The datalake is part of the Mindtrace platform. Install it as a dependency:

pip install mindtrace-datalake

Quick Start

from mindtrace.datalake import Datalake

# Initialize the datalake
datalake = Datalake(
    mongo_db_uri="mongodb://localhost:27017",
    mongo_db_name="my_datalake"
)
await datalake.initialize()

# Store data directly in the database
datum = await datalake.add_datum(
    data={"type": "image", "filename": "photo.jpg"},
    metadata={"project": "computer_vision", "tags": ["nature", "outdoor"]}
)

# Store large data in a registry
large_datum = await datalake.add_datum(
    data={"large": "data" * 1000000},  # Large data
    metadata={"project": "big_data"},
    registry_uri="file:///path/to/registry"
)

# Retrieve data (registry data is automatically loaded)
retrieved = await datalake.get_datum(datum.id)
print(retrieved.data)  # Automatically loads registry data if needed

Architecture

Core Components

Datalake Class

The main interface for all datalake operations. Manages both database and registry backends.

Datum Model

A unified data structure that can represent data stored in either location:

class Datum:
    data: Any                    # The actual data content
    registry_uri: str | None     # Registry URI if stored externally
    registry_key: str | None     # Key for retrieving from registry
    derived_from: PydanticObjectId | None  # Parent datum ID
    metadata: dict[str, Any]     # Additional metadata
    added_at: datetime          # Timestamp when added

Storage Strategies

Database Storage

  • Use Case: Small to medium data (< 16MB)
  • Benefits: Fast access, ACID transactions, complex queries
  • Implementation: Data stored directly in MongoDB

Registry Storage

  • Use Case: Large data (> 16MB), binary files, models
  • Benefits: Efficient storage, versioning, materialization
  • Implementation: Data stored in external registry, reference stored in database

API Reference

Core Methods

add_datum(data, metadata, registry_uri=None, derived_from=None)

Add a new datum to the datalake.

Parameters:

  • data: The data to store (any type)
  • metadata: Dictionary of metadata
  • registry_uri: Optional registry URI for external storage
  • derived_from: Optional parent datum ID for derivation tracking

Returns: The created Datum object with assigned ID

get_datum(datum_id)

Retrieve a datum by its ID.

Parameters:

  • datum_id: The unique identifier of the datum

Returns: The Datum object (registry data automatically loaded)
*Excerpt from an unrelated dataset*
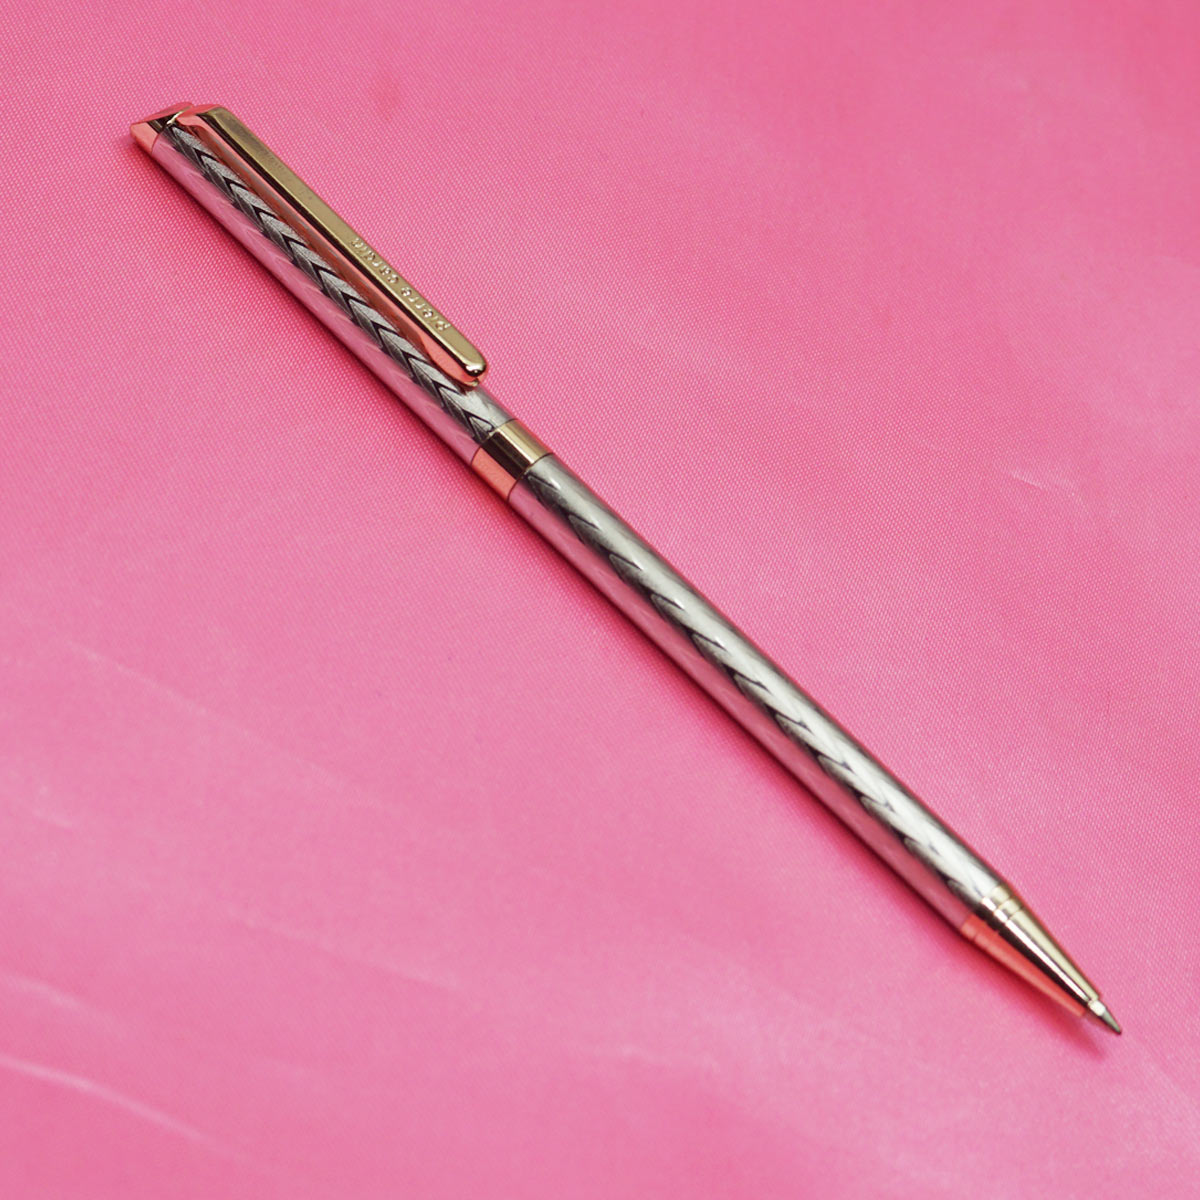 Pierre Cardin Decent Silver Color Body With Gold Clip and Golden Trims Medium Tip Twist Type Ball Pen SKU 22596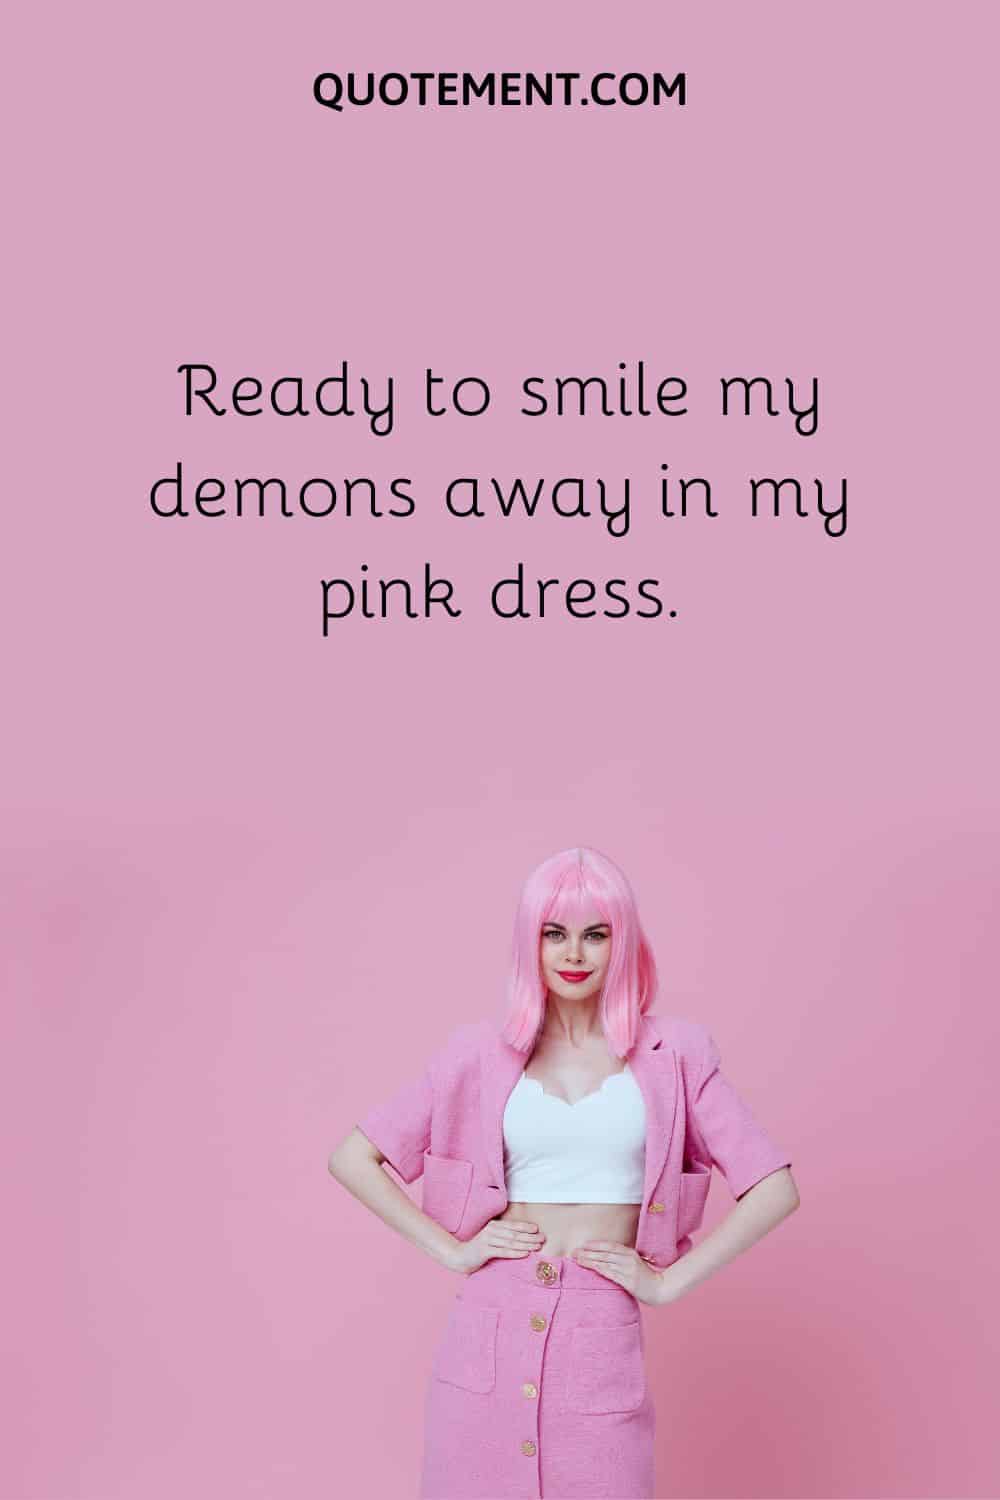 Ready to smile my demons away in my pink dress.

Raises: DocumentNotFoundError if datum not found

get_data(datum_ids)

Retrieve multiple data by their IDs.

Parameters:

  • datum_ids: List of datum IDs

Returns: List of Datum objects

Derivation Methods

get_directly_derived_data(datum_id)

Get IDs of data directly derived from the specified datum.

Parameters:

  • datum_id: The parent datum ID

Returns: List of child datum IDs

get_indirectly_derived_data(datum_id)

Get IDs of all data in the derivation chain (breadth-first search).

Parameters:

  • datum_id: The root datum ID

Returns: List of all datum IDs in the derivation chain

Query Methods

query_data(query, datums_wanted=None, transpose=False)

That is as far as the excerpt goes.